Еще несколько часов назад плавились на трассе Москва — Санкт Петербург в железном смрадном потоке… День независимости — и все хоть сколько-то состоятельные, независимые поехали на своих машинках в имения, растянувшись на много километров, кажется, до самого Петербурга… Массовое бегство… “Москва… Москву еще можно полюбить. А вы попробуйте полюбить, например, хотя бы Рязань!” Они выскочили из потока под Вышним Волочком — и поколесили по проселочным, где навстречу попадались лишь людишки на скорбных велосипедах… Но до этого съезжали с трассы несколько раз, Антонине делалось вдруг дурно. Марфушин порывался сам сесть за руль — даже выхватывал в чувствах, как будто это были вожжи, но та с ужасом и криком отбивалась, приходила в себя… Это был новый “Форд”, стоивший слишком дорого.
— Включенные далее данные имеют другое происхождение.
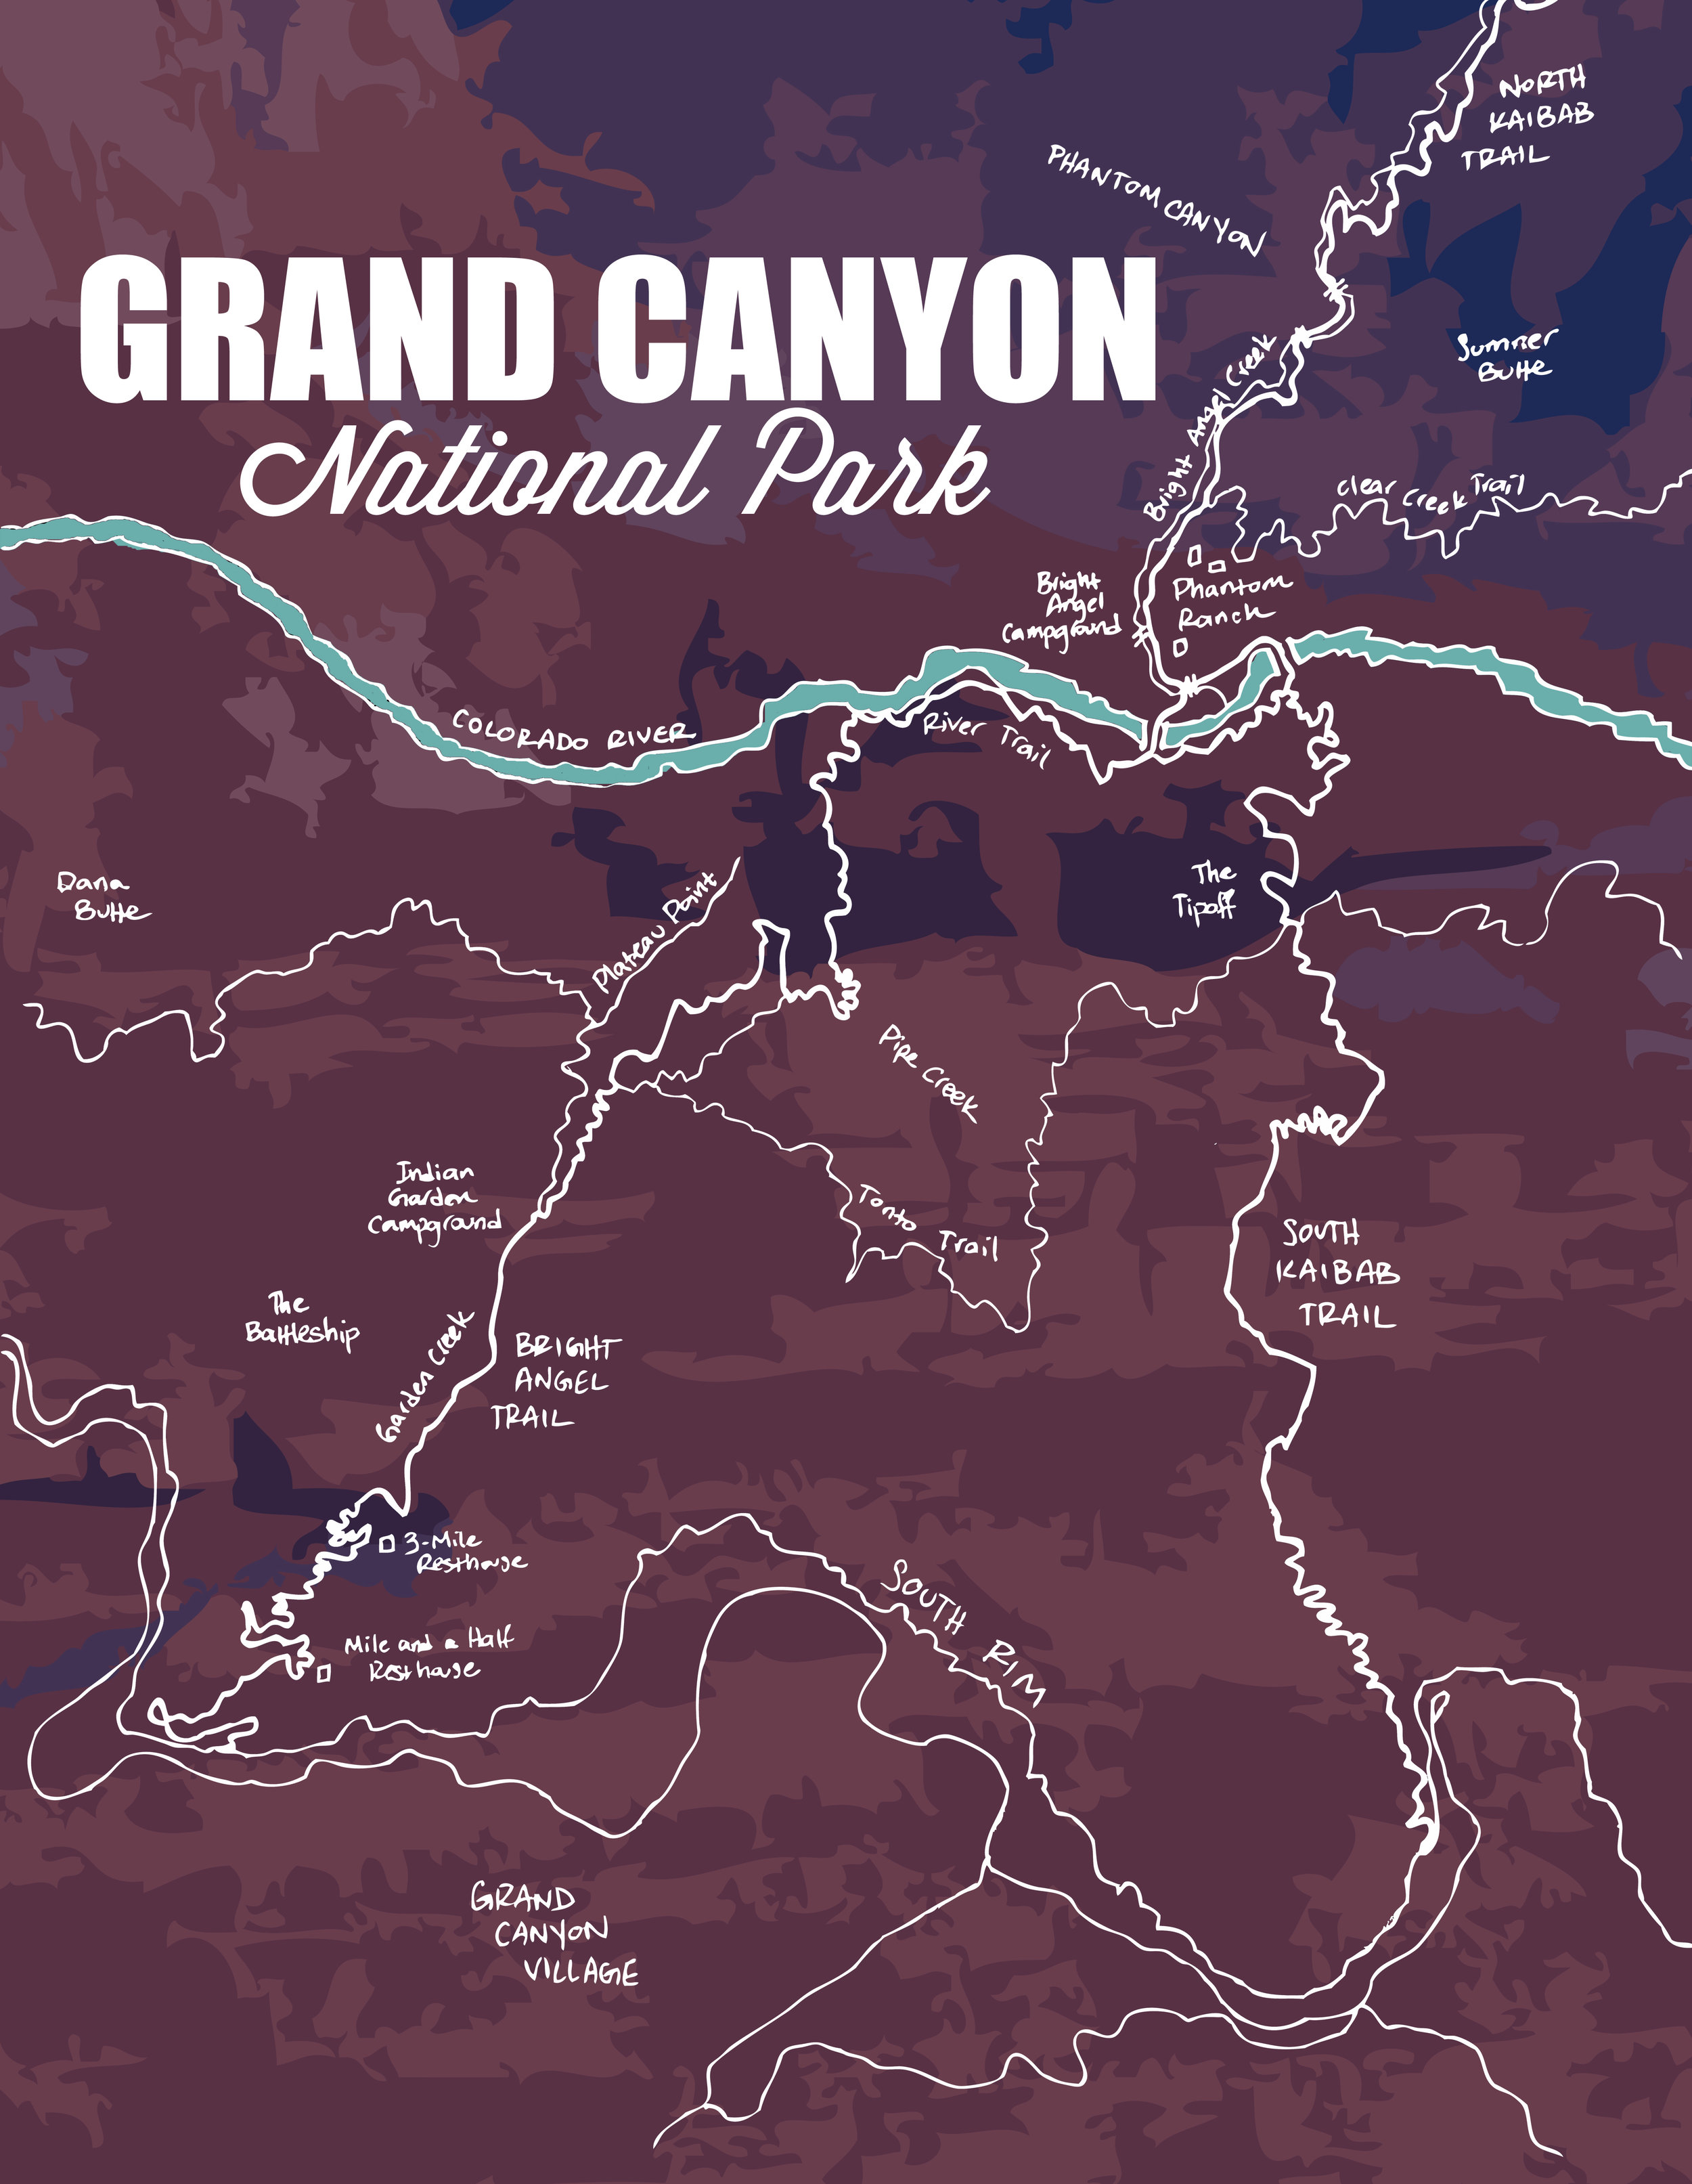 Grand Canyon National Park, 2015

Марфушин, не стесняясь, выдал, что скрывала — то, как это было заработано: “Студия декоративного оформления фасадов!”. Николай Угодник защищал от неприятностей сзади, Богородица от несчастий спереди… Машина была освященной с молитвой, по чину, поэтому ее хозяйка сразу же строго-настрого запретила курить в салоне. Останавливаясь и трогаясь, Антонина крестилась, застенчиво обращаясь то ли к себе, то ли к ней — своей — то ли к Нему — Своему: “Ох, поехали… Ох, не подведи…”. На какой-то обочине, то есть у дороги, все же устроили, не выдержав, что-то похожее на пикник. Антонина, больше от переживаний, чем от усталости, тут же задремала на расстеленном прямо на земле пледе. Саша, она что-то нарезала, красиво разложила в пластмассовые тарелочки, с детской серьезностью, как девочка, которая играет в хозяйку, не забыв о таких же, уже совсем игрушечных ножах, вилочках — и тогда успокоилась; а Марфушин успокоился, когда украдкой разлил по пластмассовым стаканчикам коньяк и они быстро выпили… за День независимости! Быстро разлил еще, спрятав уже от самого себя. И — пока Антонина дремала — с упоением болтал, заготовив на этот случай с дюжину мыслей, впечатлений, исторических аналогий…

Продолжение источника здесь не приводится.